Explained | How has the Supreme Court interpreted ‘sex’ and ‘gender identity’ in the past? Premium
The Hindu
How have Supreme Court judgments defined ‘sex’ and ‘gender identity’ in the past ? What definitions do international covenants attribute to these terms?
The story so far: Chief Justice of India D.Y. Chandrachud, presiding over a five-judge constitutional bench, observed last week that the very notion of a man and a woman is not “an absolute based on genitals”, in response to an argument raised by the Centre that the ‘legislative intent’ of marriage throughout has been a “relationship between a biological man and a biological female”.
The Chief Justice underscored that the Centre was making a ‘value judgment’, that there was no ‘absolute concept of a man or an absolute concept of a woman’ and that gender was ‘far more complex’ than one’s genitals.
The Supreme Court was discussing the ambit of gender and whether it expanded beyond the biological sex of a person while hearing a batch of pleas seeking the legalisation of same-sex marriage in India.
As the Chief Justice’s remarks went viral on social media, he was subjected to incessant trolling.
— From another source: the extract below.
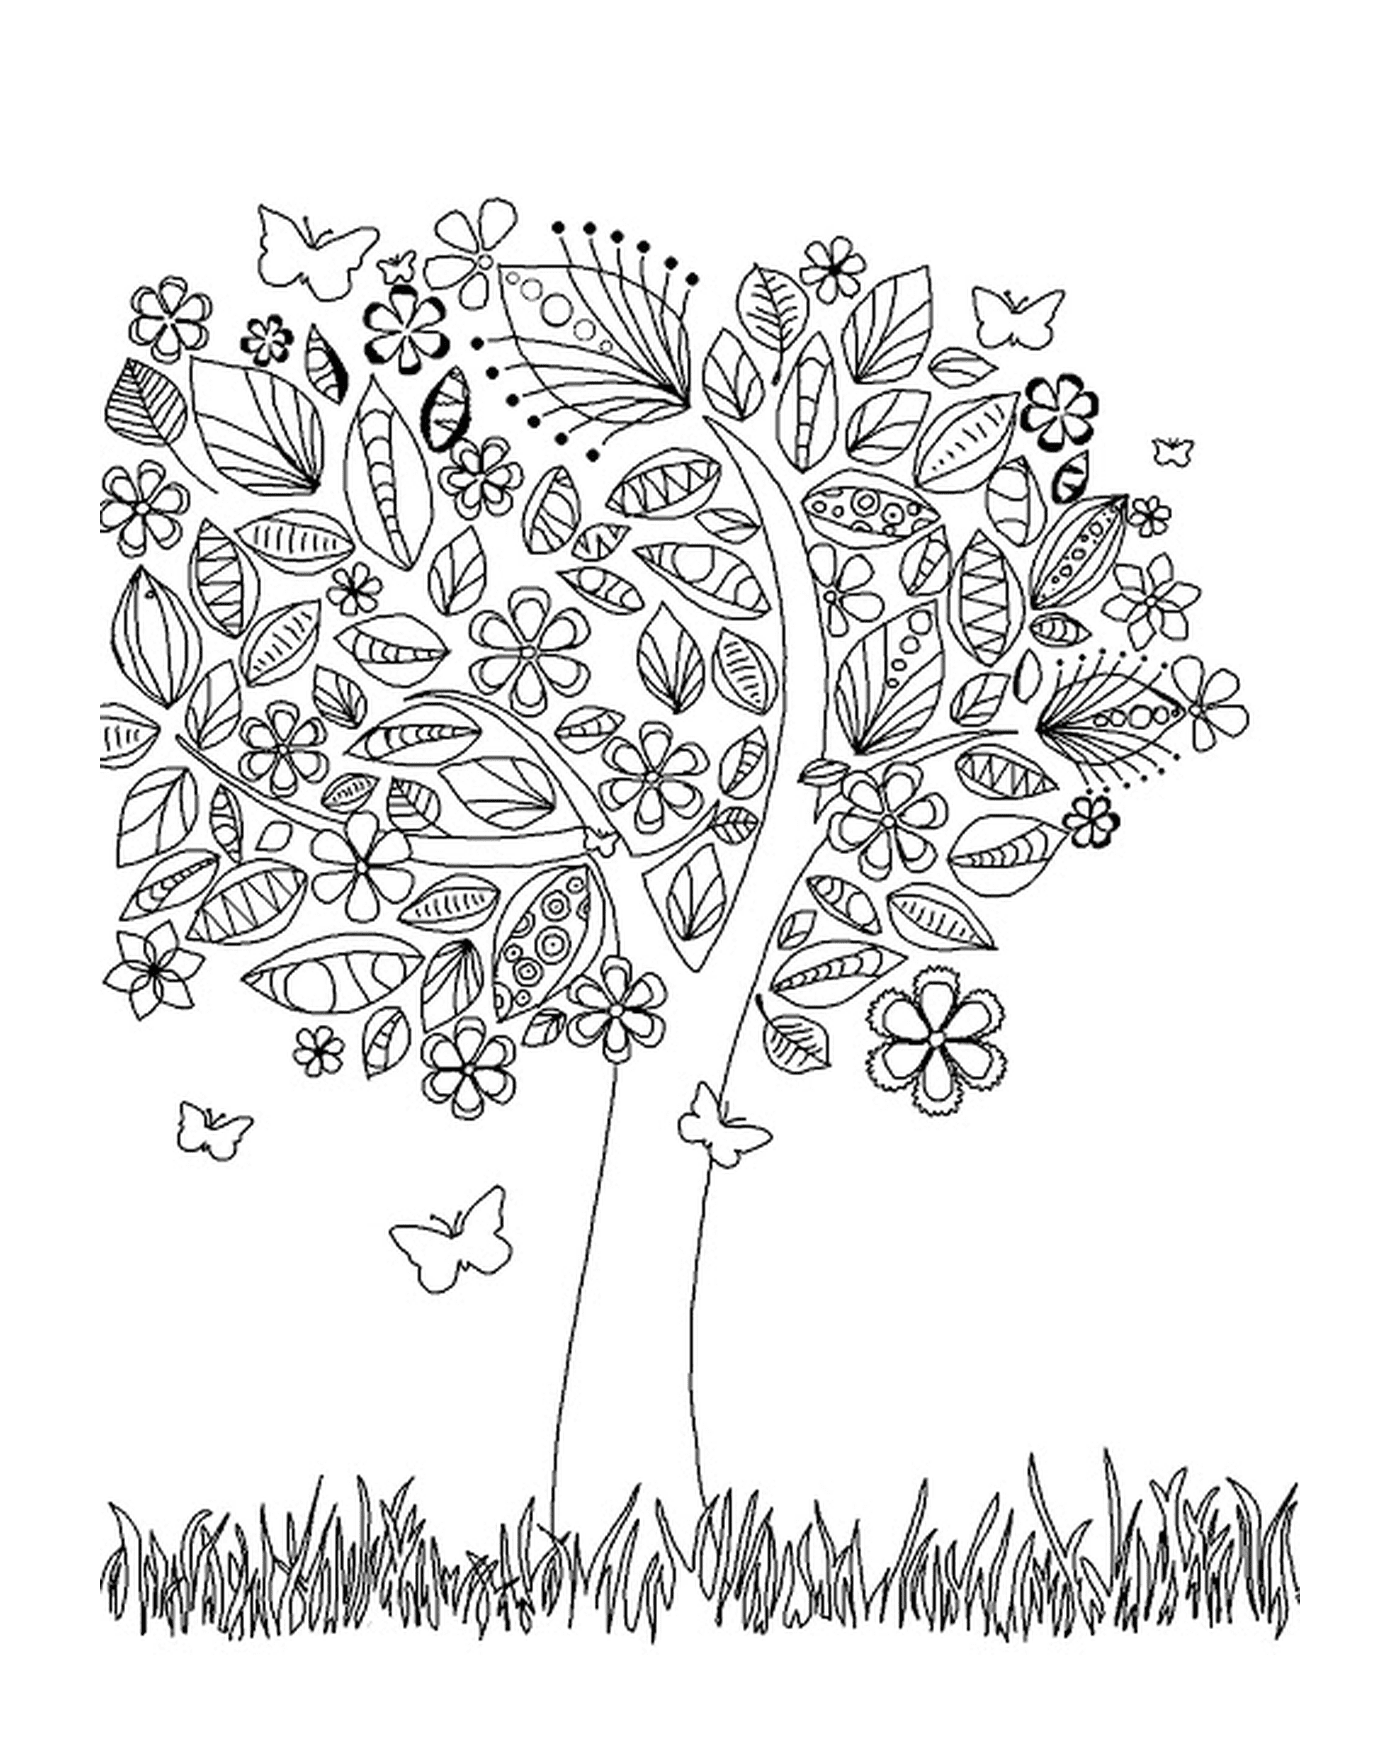   Un arbre en fleurs 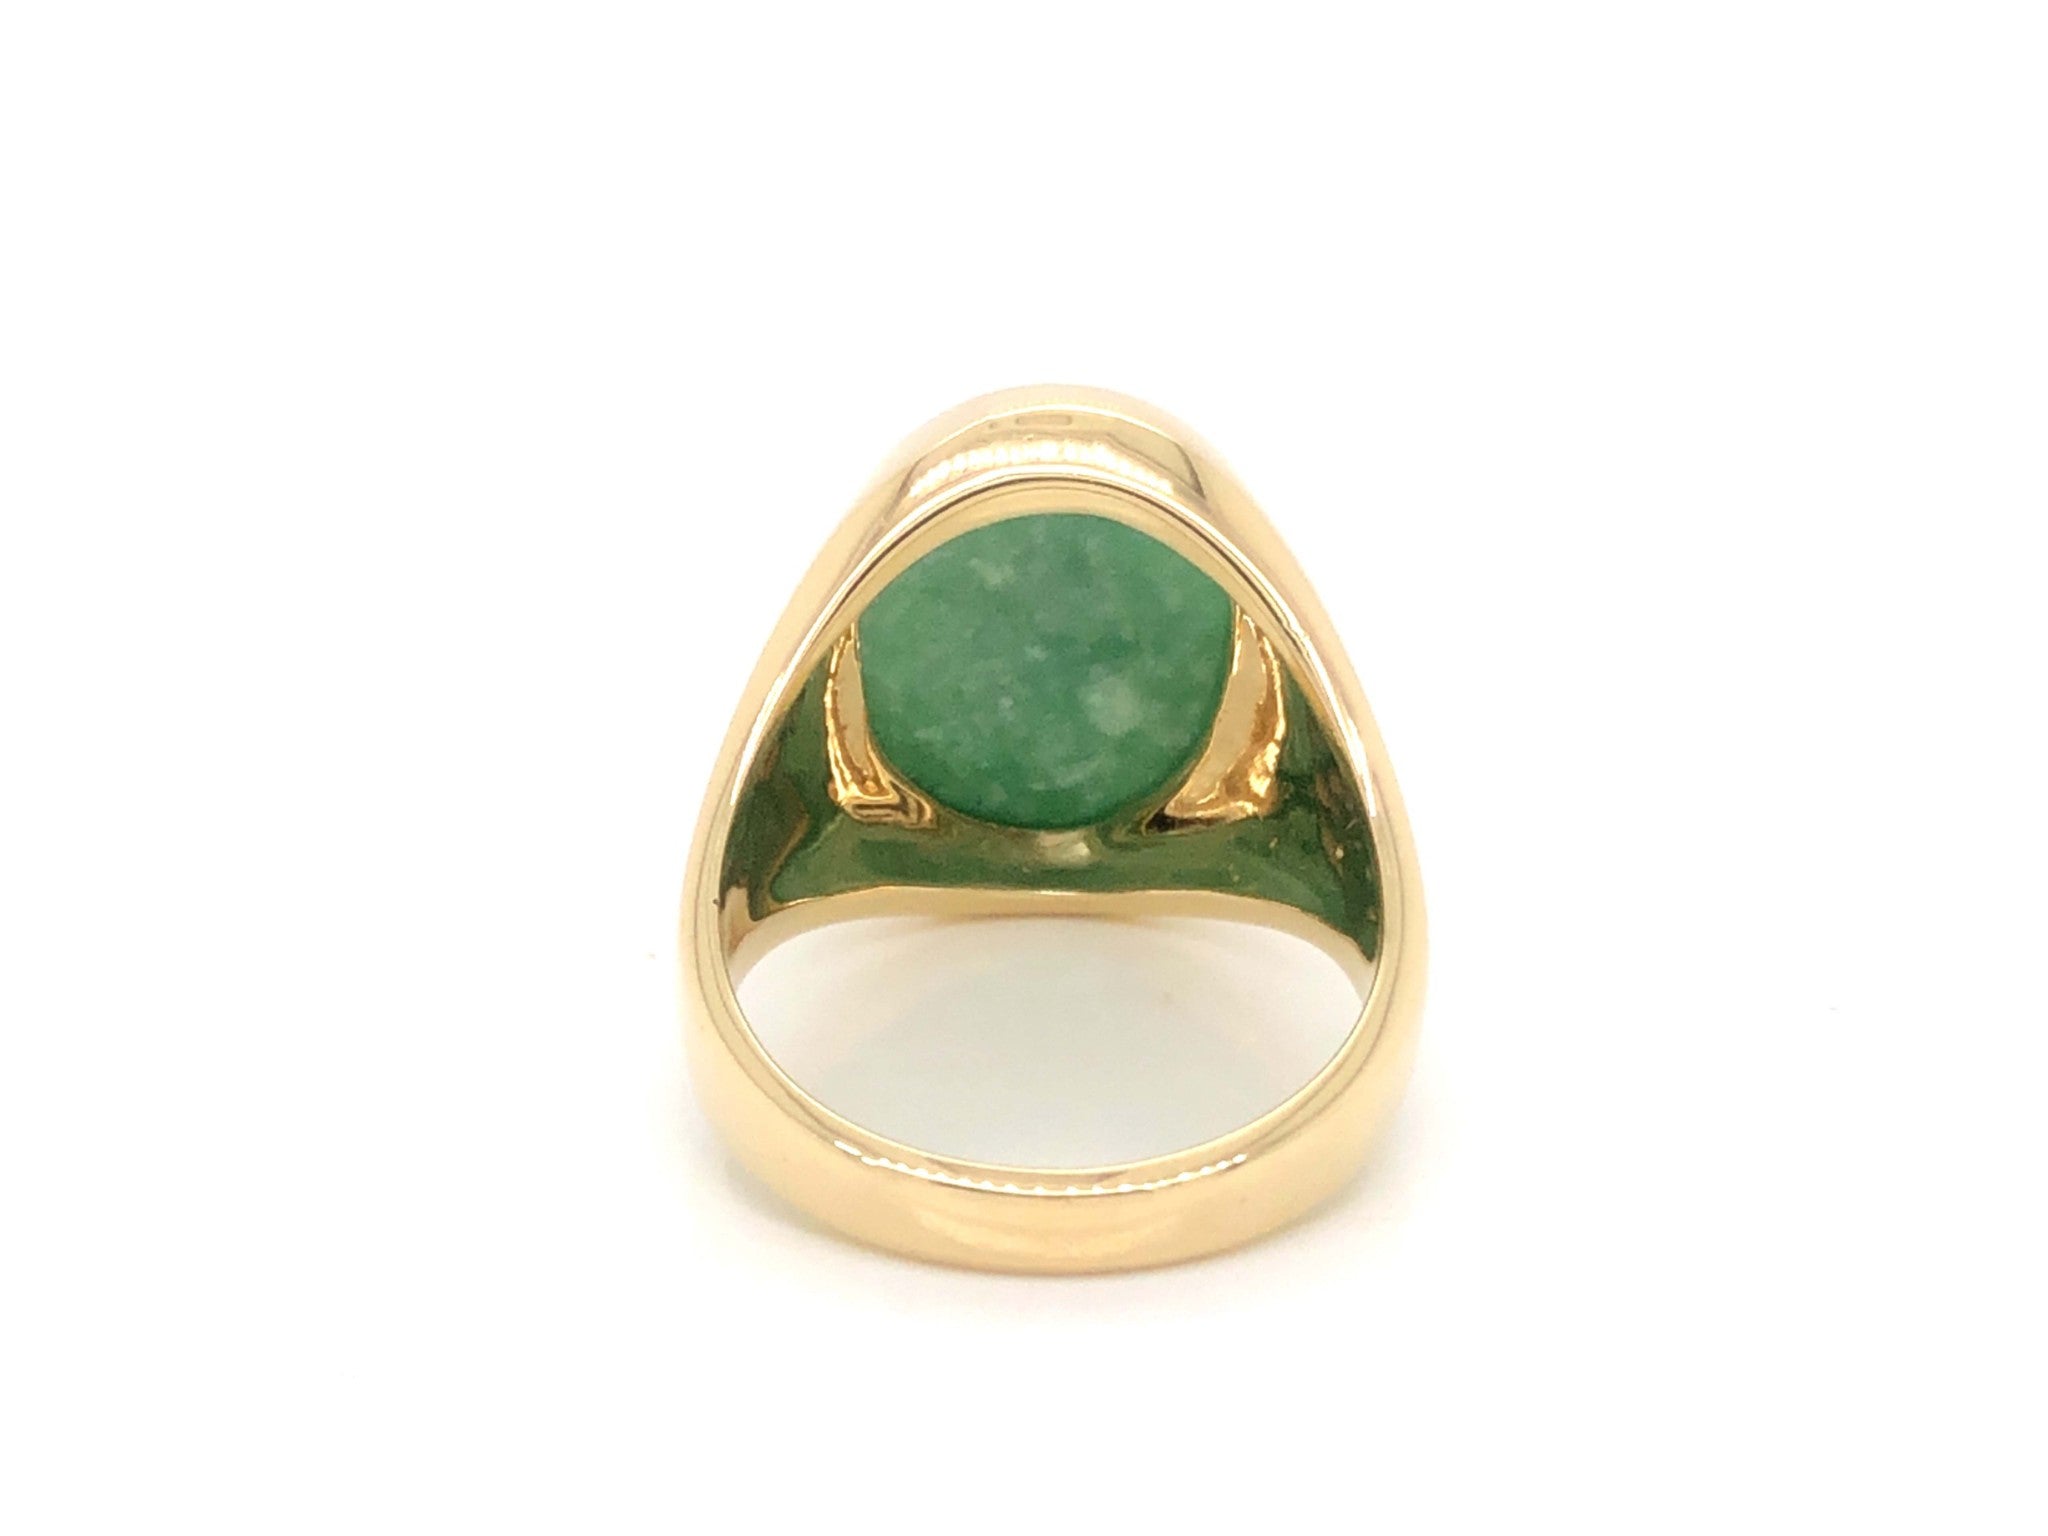 Vintage Large Men's Oval Pale Mottled Green Jade Ring - 14k Yellow Gold

Addressing the reactions, Justice Chandrachud on Thursday remarked, “There is nothing absolute; at the cost of being trolled. Answers to what we say in court is in trolls, and not in court.”
Solicitor General Tushar Mehta, appearing for the Centre, argued that existing laws including the Special Marriage Act recognized only heterosexual marriages between a “biological man and a biological woman” and emphasised that the biological gender was indeed the gender of a person.
Disagreeing with the Solicitor General, Mr. Chandrachud retorted, ‘There is no absolute concept of a man or an absolute concept of a woman at all… A man or a woman is not a definition of what their genitals are, it is far more complex. Even when the Special Marriage Act says ‘man’ and ‘woman’, the very notion of a man and a woman is not an absolute on what genitals you have’.”
Rebutting the CJI’s remark, the Solicitor General submitted that a ‘biological man means the genitals one has’, though adding that he did not want to use that ‘expression’. He added that if the notion referred to by the CJIis treated as a guiding factor to determinewhether one is a man or a woman, the court would unintentionally be making several acts unworkable.